BEGIN Available data

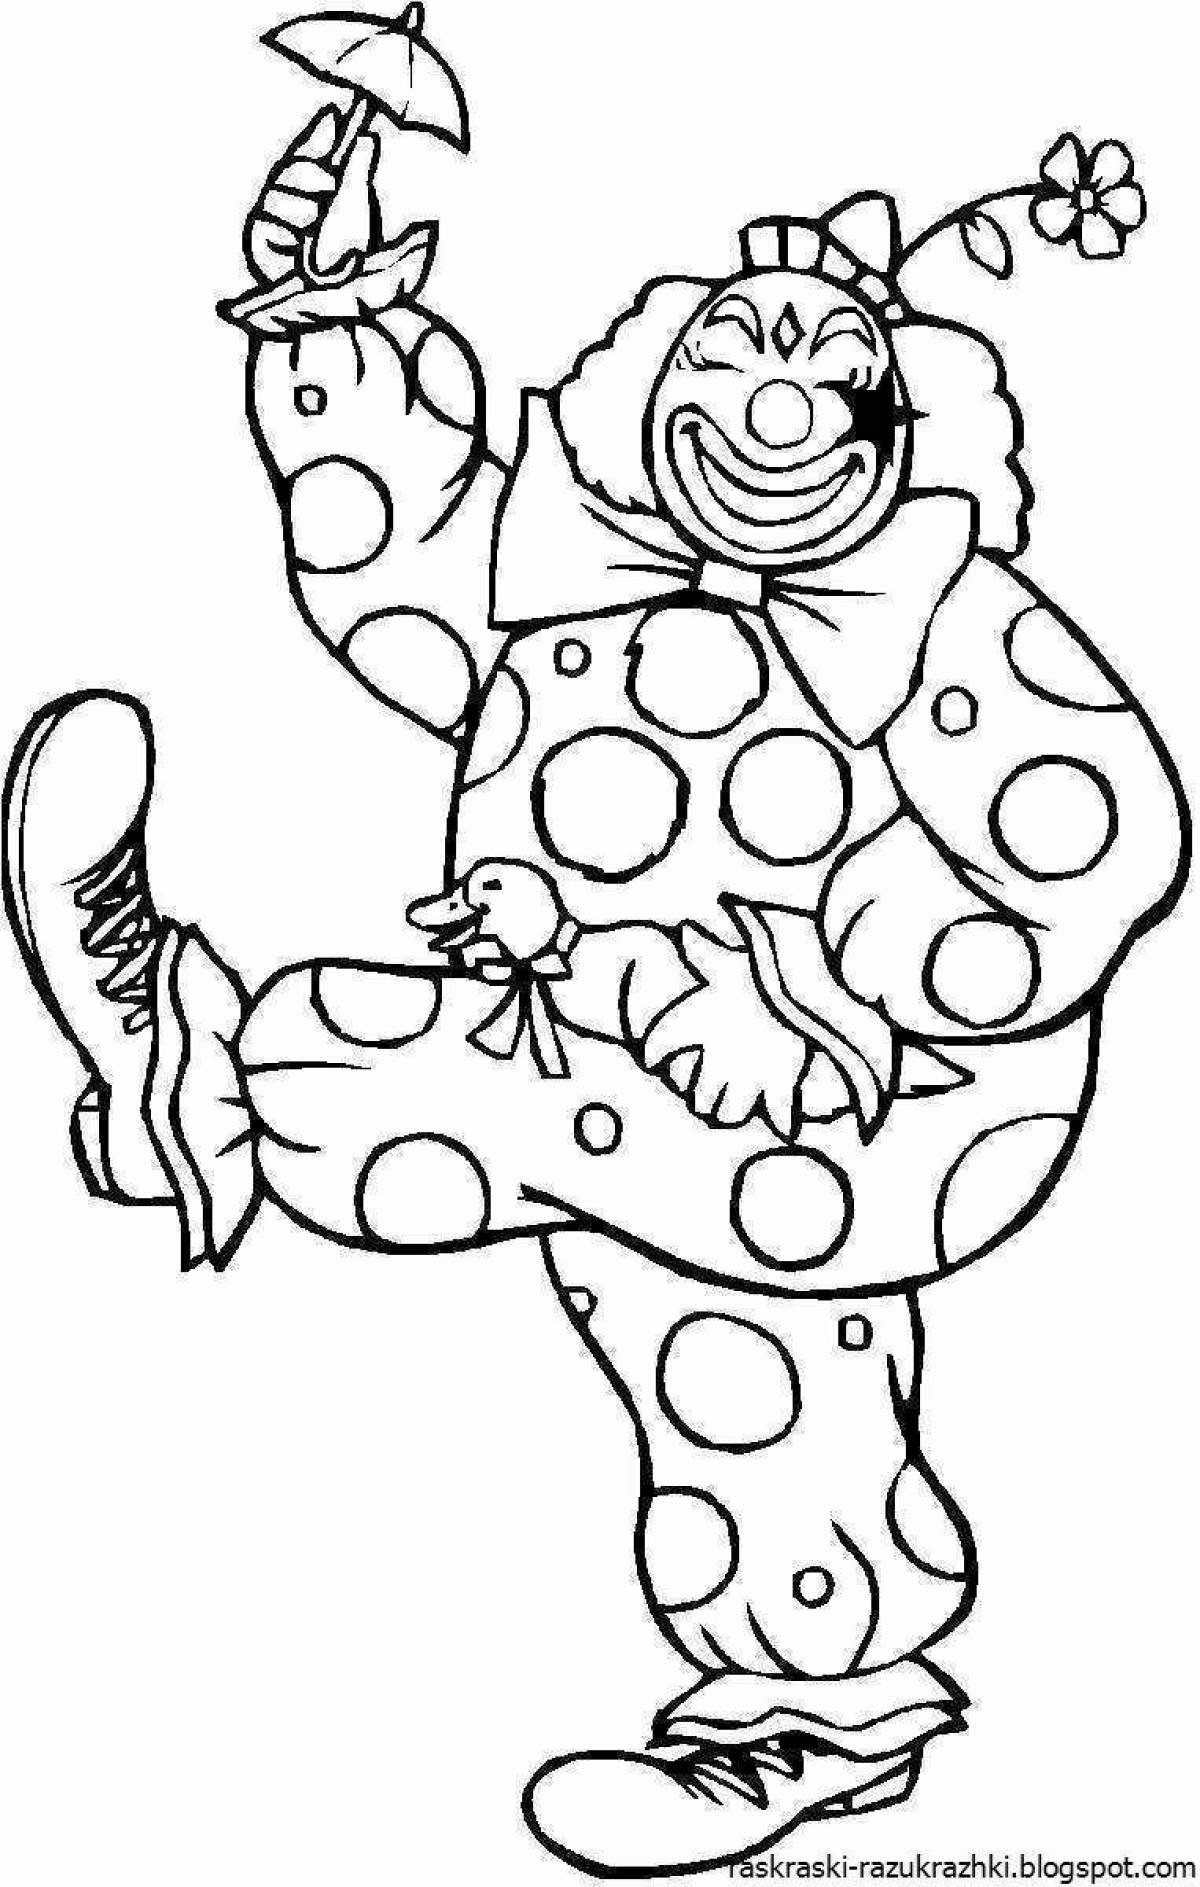 Cute funny clown coloring book for kids
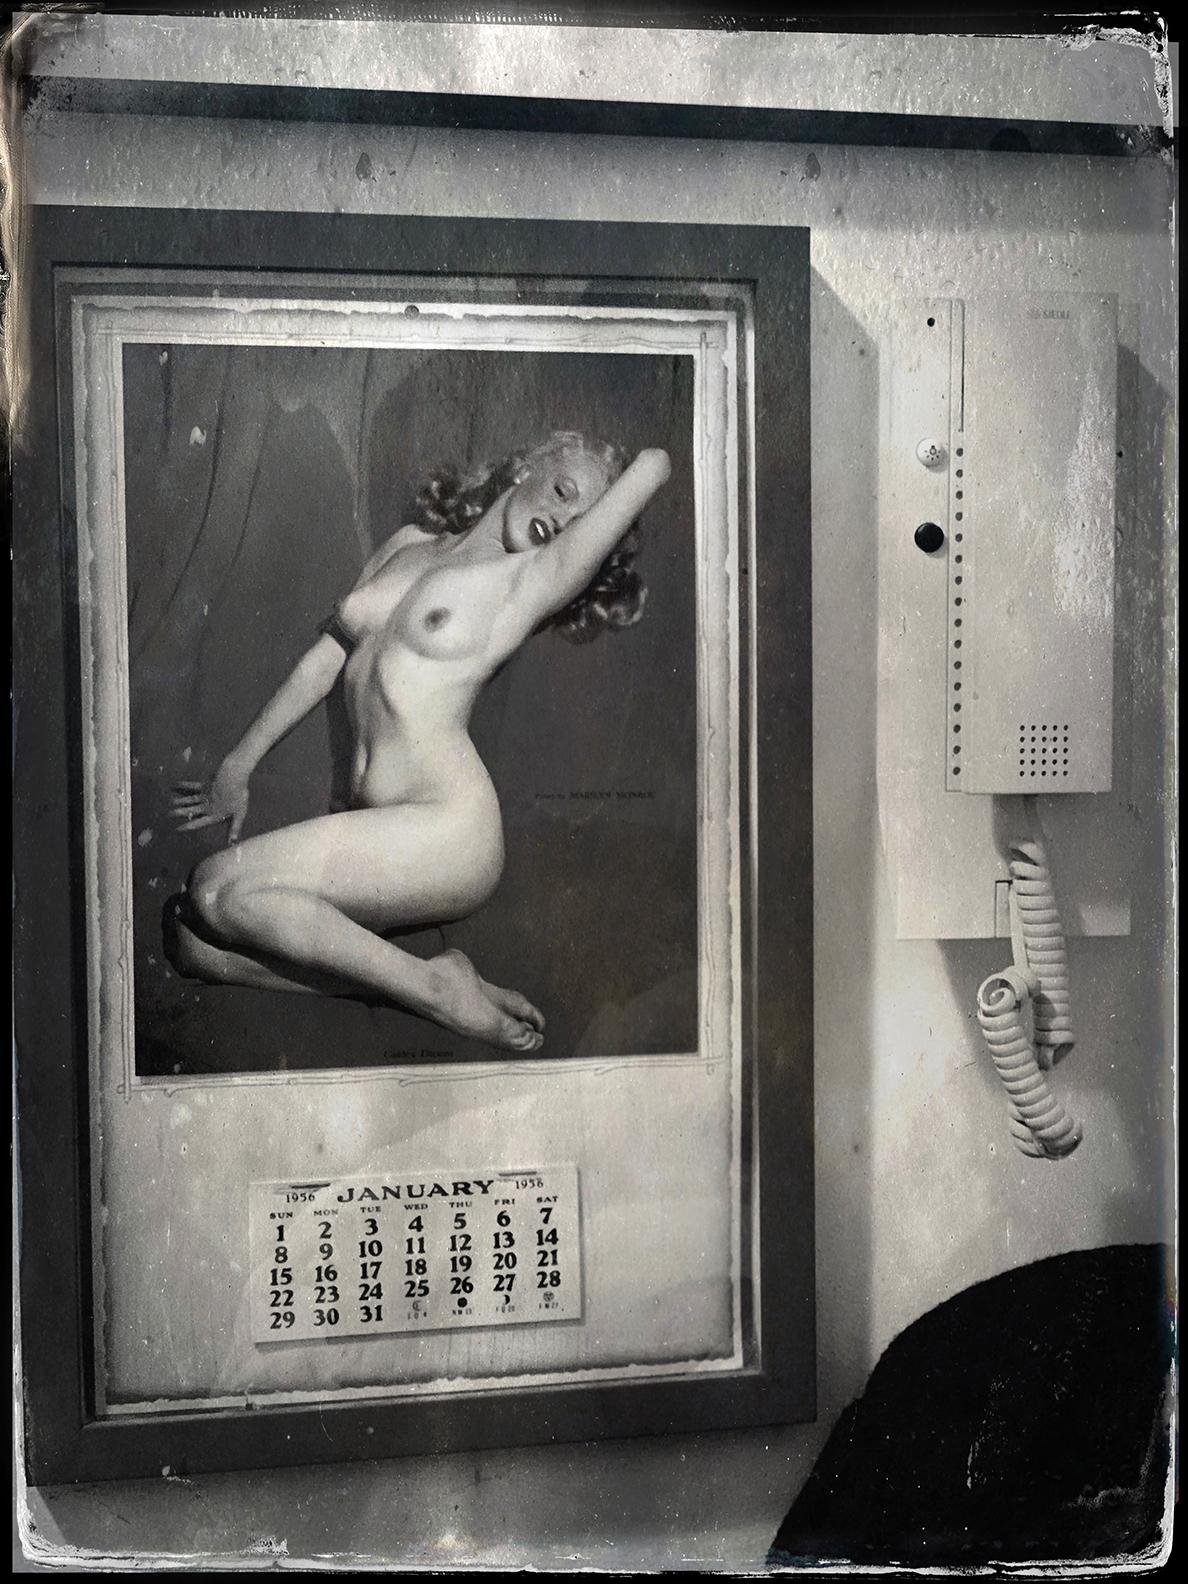 Artist: Sally Davies (1956)
Title: Marilyn M (New York City)
Year: 2022
Medium: Inkjet print on archival paper
Edition: 12, plus proofs
Size: 24 x 36 inches
Condition: Excellent
Inscription: Signed, dated, titled by the artist
Notes: This photograph
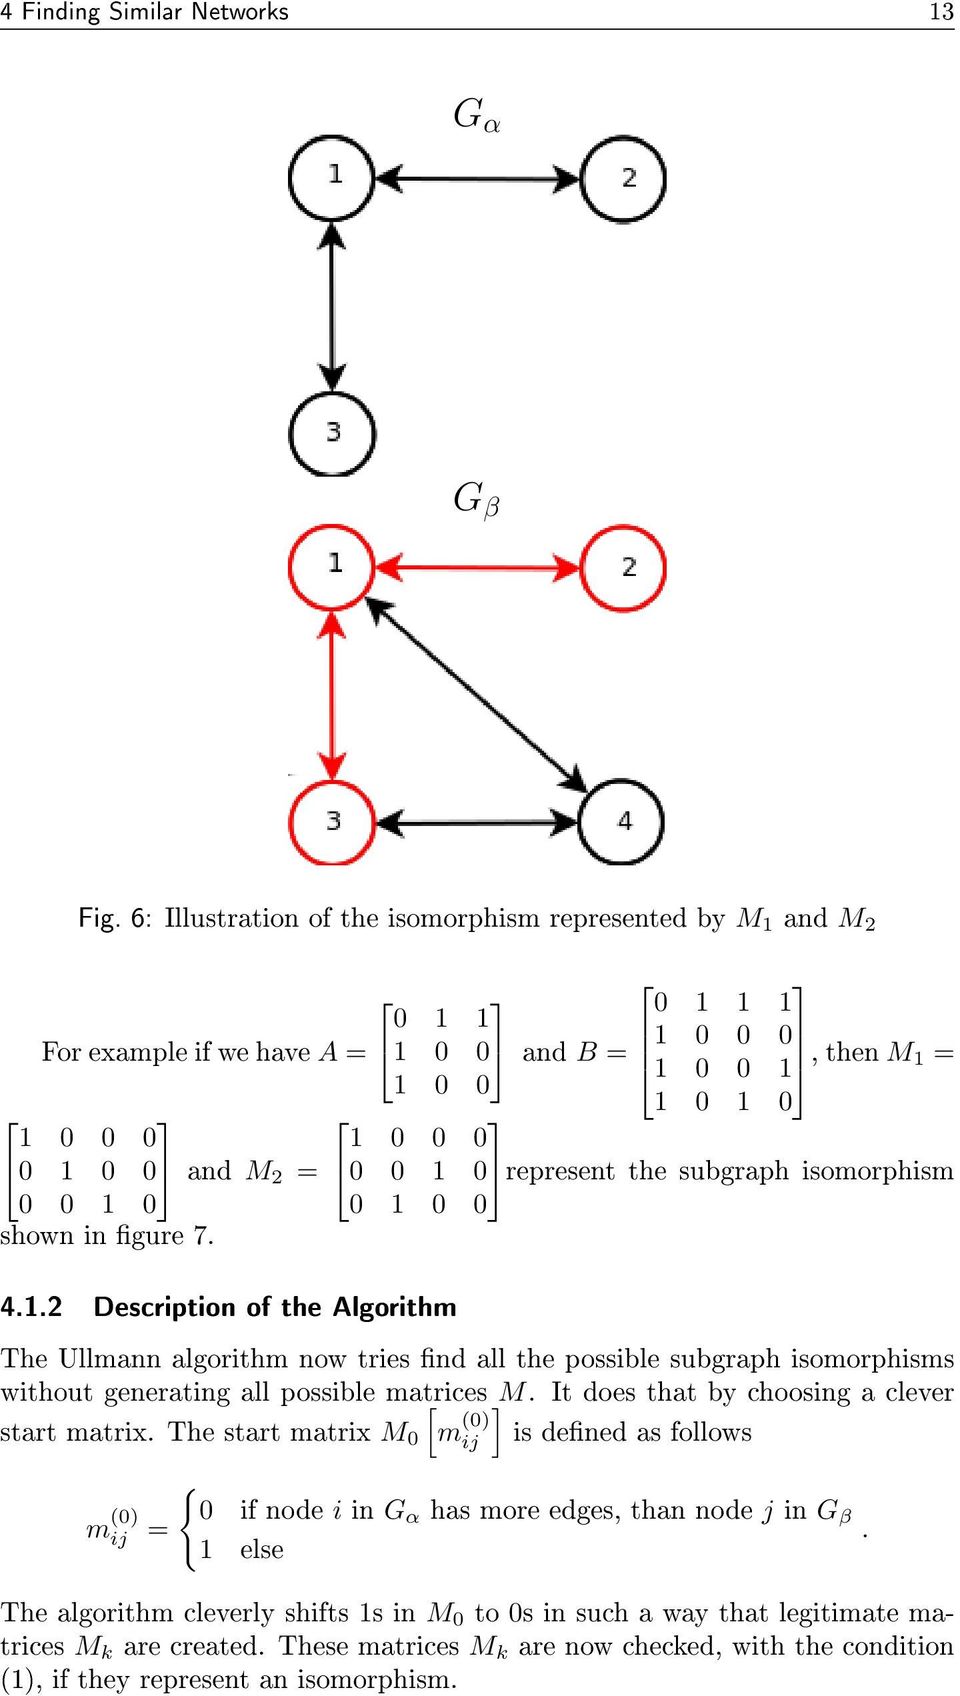 0 represent the subgraph isomorphism 0 0 1 0 0 1 0 0 shown in gure 7. 4.1.2 Description of the Algorithm The Ullmann algorithm now tries nd all the possible subgraph isomorphisms without generating all possible matrices [ ] M.

END Available data

▸ **Brief**
All lines above from the line with "Title: Marilyn M (New York City)" through the line with "Notes: This photograph", both included, are to be set down exactly, with nothing else.

▸ **Output for this task**
Title: Marilyn M (New York City)
Year: 2022
Medium: Inkjet print on archival paper
Edition: 12, plus proofs
Size: 24 x 36 inches
Condition: Excellent
Inscription: Signed, dated, titled by the artist
Notes: This photograph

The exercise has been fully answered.